Founder: Bill Barhydt (CEO) 

Equity raised: $86 million 

Estimated 2020 revenue: $10 million 

Lead investors: Arbor Ventures, First Round Capital, HCM Capital, Ignia 

This self-described “crypto bank” is among the oldest startups in bitcoin. Former Goldman Sachs vice president Barhydt, 53, founded the company in 2014 to help immigrant employees send money back home to their families. Today, Abra offers a souped-up bitcoin wallet that lends out both crypto and dollars held by its depositors at rates as high as 12%. The depositor receives 85% of the interest, while Abra takes the rest. The Mountain View, California-based firm also makes money on the spread between the spot price and the trade price for crypto transactions. This is such a new area that it’s a regulatory grey zone: In 2020, the SEC and CFTC fined the firm $300,000 for selling security-based swaps without proper registration. The fast-growing firm, which is profitable, is on track to increase revenue sevenfold this year, to roughly $75 million.

Alchemy 

Alchemy

Founders: Joseph Lau, Nikil Viswanathan (CEO) 
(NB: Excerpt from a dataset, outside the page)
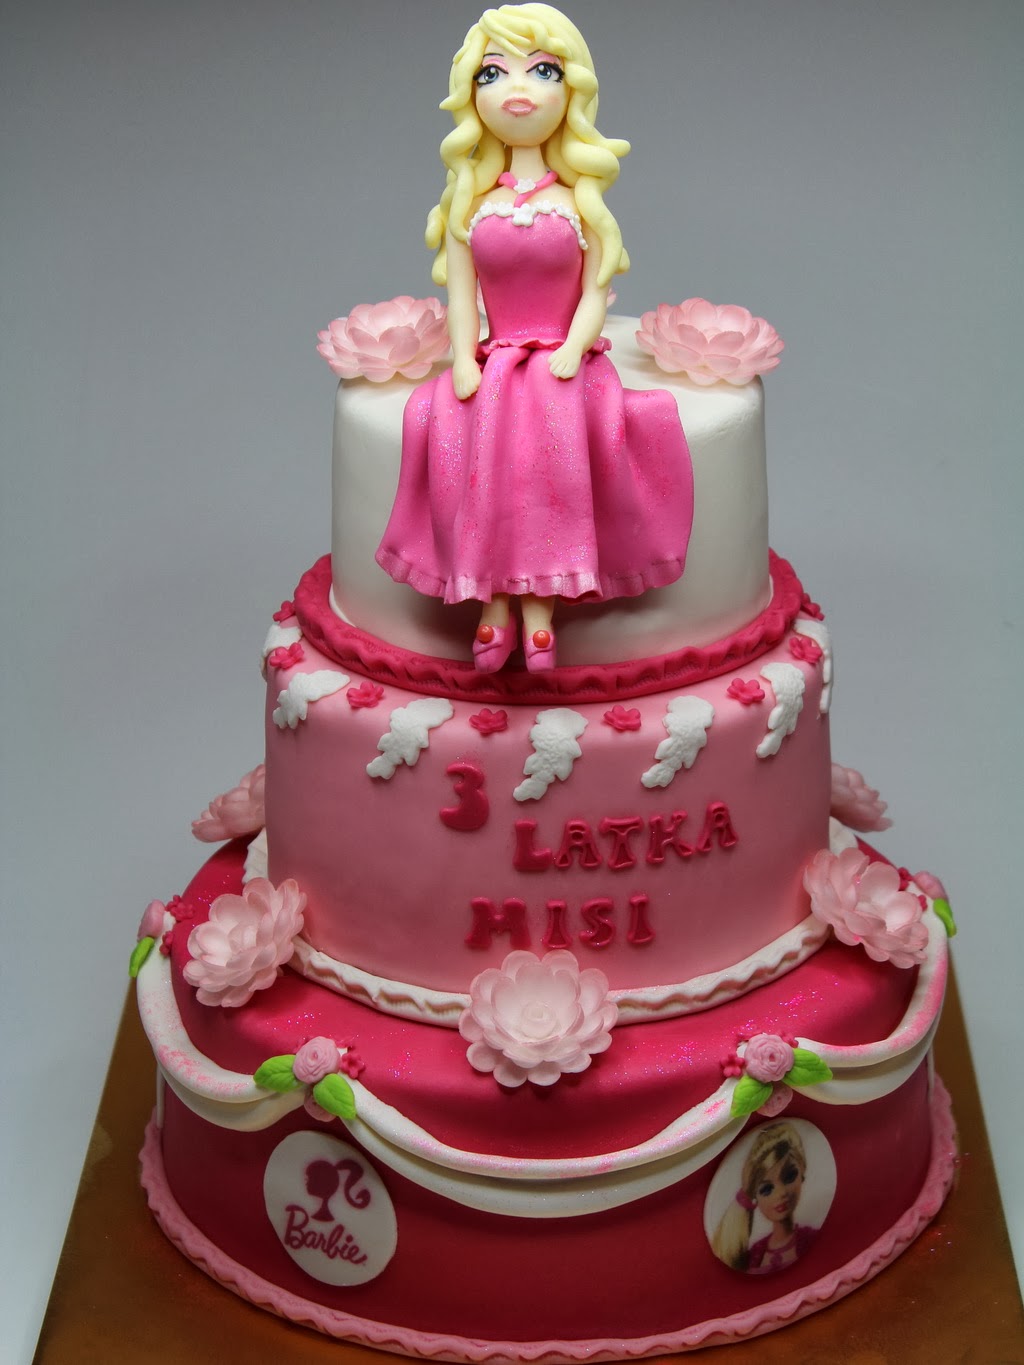 barbie-birthday-cake-london.jpg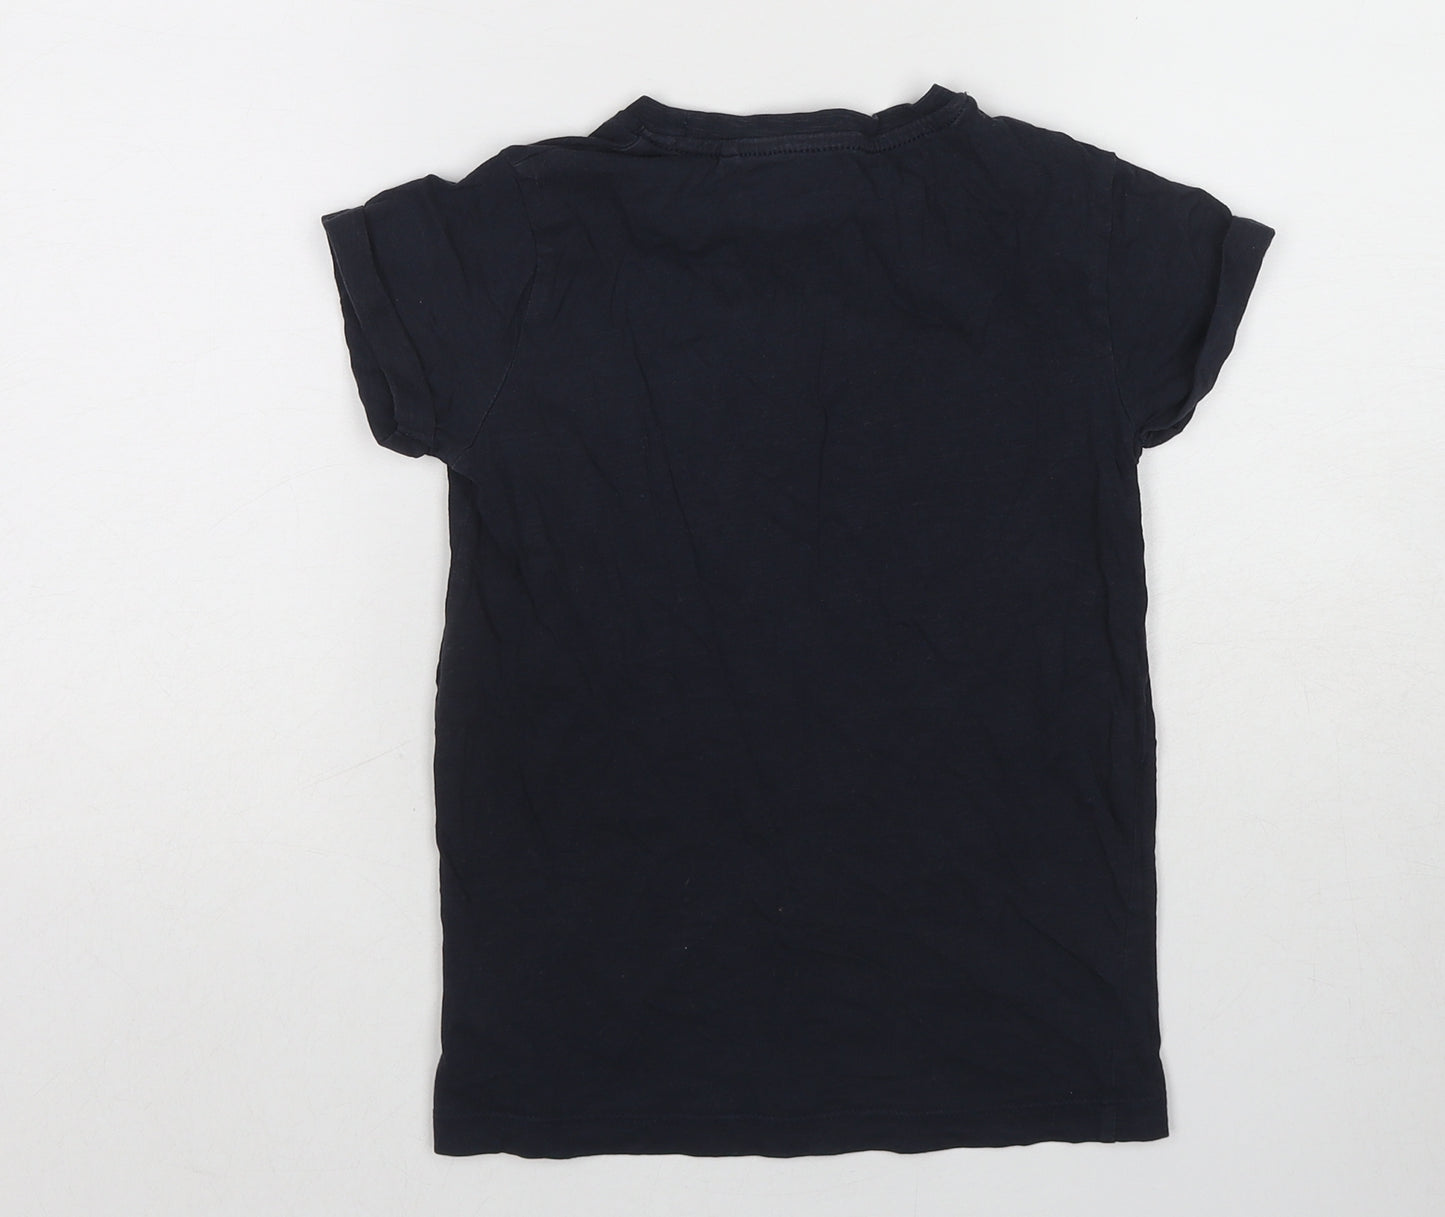 NEXT Girls Blue Cotton Basic T-Shirt Size 7-8 Years Round Neck Pullover

Equity raised: $96 million 

Estimated 2020 revenue: $2 million 

Lead investors: Addition, Coatue, Pantera 

Alchemy makes it easier to read and write information onto blockchains, such as Ethereum and Flow. The service starts free for smaller developers, but larger customers pay a monthly fee. The San Francisco-based firm is on pace to increase revenue tenfold this year, to an estimated $20 million, as it helps clients like PwC, Unicef and OpenSeat conduct more than $30 billion in volume annually. Viswanathan, 34, and Lau, 32, previously cofounded Down to Lunch, a popular social hangout iPhone app.

Array 

Array

Founders: Martin Toha (CEO), Phillip Zedalis 

Equity raised: $67 million 

Estimated 2020 revenue: $11 million 

Lead investors: Battery, General Catalyst 

Serial entrepreneur Toha, 42, left identity protection company Pentius and brought along its CTO, Zedalis, 36, to launch Array in January 2020. The New York City-based company works behind the scenes with fintechs and other financial institutions to help their developers build out consumer-facing financial tools. These include apps that reveal a client’s credit score, show their payment history or offer identity protection. Array says that it can complete projects for its financial customers including SoFi, Brigit and One in weeks that would previously have taken 18 months. “Though our clients are businesses, everything we do is to help consumers have better financial health,” Toha says.

Embark Veterinary 

Embark Veterinary

Founders: Adam Boyko, Ryan Boyko (CEO), Matt Salzberg, Spencer Wells 

Equity raised: $95 million 

Estimated 2020 revenue: $36 million 

Lead investors: F-Prime Capital, Founder Collective, Freestyle, Slow Ventures, SoftBank, Third Kind Venture Capital 

Back in 2007, Adam Boyko, 43, a canine geneticist, and his brother Ryan, 37, who has a master’s degree in public health, set out to study the origins of domestic dogs and realized that the country’s nearly 50 million dog-owning households might also be curious about their pets’ backgrounds. Boston-based Embark Veterinary now sells DNA testing kits (priced at $129 to $199) that give customers insight into their pets’ genetics and potential future health issues. Embark has tested close to one million dogs since its 2015 founding, and, with the consent of owners, is using the data generated to conduct research into dog health. Its revenue is expected to double to $72 million this year. The company counts 23andMe’s billionaire cofounder Anne Wojcicki among its backers.

Forethought

Forethought

Founders: Sami Ghoche, Deon Nicholas (CEO) 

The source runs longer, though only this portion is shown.